▸ Assigned task: Which lines in the data below contain the word "menu"? Copy each of them.

Records provided section start

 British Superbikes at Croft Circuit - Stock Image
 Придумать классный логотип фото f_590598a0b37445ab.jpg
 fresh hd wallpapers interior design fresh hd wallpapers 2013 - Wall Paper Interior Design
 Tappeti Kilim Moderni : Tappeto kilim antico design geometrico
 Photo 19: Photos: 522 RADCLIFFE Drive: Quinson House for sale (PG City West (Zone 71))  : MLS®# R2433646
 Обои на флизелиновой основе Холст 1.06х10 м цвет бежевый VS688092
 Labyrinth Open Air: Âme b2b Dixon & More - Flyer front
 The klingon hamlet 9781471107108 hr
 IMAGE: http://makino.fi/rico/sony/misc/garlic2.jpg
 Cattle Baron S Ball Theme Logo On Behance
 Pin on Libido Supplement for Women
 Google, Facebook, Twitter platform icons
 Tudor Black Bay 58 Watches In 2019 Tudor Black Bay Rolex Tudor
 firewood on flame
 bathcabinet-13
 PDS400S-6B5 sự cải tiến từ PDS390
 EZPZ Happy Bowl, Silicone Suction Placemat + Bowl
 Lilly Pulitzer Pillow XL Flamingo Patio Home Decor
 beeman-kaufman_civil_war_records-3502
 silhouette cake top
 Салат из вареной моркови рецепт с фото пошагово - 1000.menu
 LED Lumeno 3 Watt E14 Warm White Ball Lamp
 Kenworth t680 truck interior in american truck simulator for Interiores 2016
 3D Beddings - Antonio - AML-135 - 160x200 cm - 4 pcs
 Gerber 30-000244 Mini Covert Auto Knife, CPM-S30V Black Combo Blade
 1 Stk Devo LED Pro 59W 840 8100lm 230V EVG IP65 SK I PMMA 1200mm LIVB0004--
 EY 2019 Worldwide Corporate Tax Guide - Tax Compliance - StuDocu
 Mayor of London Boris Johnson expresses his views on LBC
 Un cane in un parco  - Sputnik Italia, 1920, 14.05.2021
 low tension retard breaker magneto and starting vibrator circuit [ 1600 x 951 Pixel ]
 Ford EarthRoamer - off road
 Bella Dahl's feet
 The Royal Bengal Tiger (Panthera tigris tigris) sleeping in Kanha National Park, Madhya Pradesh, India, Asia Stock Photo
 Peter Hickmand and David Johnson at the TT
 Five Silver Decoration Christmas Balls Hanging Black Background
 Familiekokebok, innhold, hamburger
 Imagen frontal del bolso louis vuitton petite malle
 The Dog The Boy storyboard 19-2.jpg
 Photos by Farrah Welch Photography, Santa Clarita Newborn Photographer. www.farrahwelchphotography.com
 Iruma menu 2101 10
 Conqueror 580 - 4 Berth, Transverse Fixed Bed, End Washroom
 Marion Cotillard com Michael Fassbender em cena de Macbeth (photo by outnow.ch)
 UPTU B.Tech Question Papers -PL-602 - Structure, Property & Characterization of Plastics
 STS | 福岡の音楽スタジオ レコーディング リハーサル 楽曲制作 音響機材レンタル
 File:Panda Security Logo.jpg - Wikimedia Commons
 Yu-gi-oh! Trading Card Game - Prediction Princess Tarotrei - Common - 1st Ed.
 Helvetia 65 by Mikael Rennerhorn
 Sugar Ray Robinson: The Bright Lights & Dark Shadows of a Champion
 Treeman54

Records provided section end

▸ Response for this exercise:
 Салат из вареной моркови рецепт с фото пошагово - 1000.menu
 Iruma menu 2101 10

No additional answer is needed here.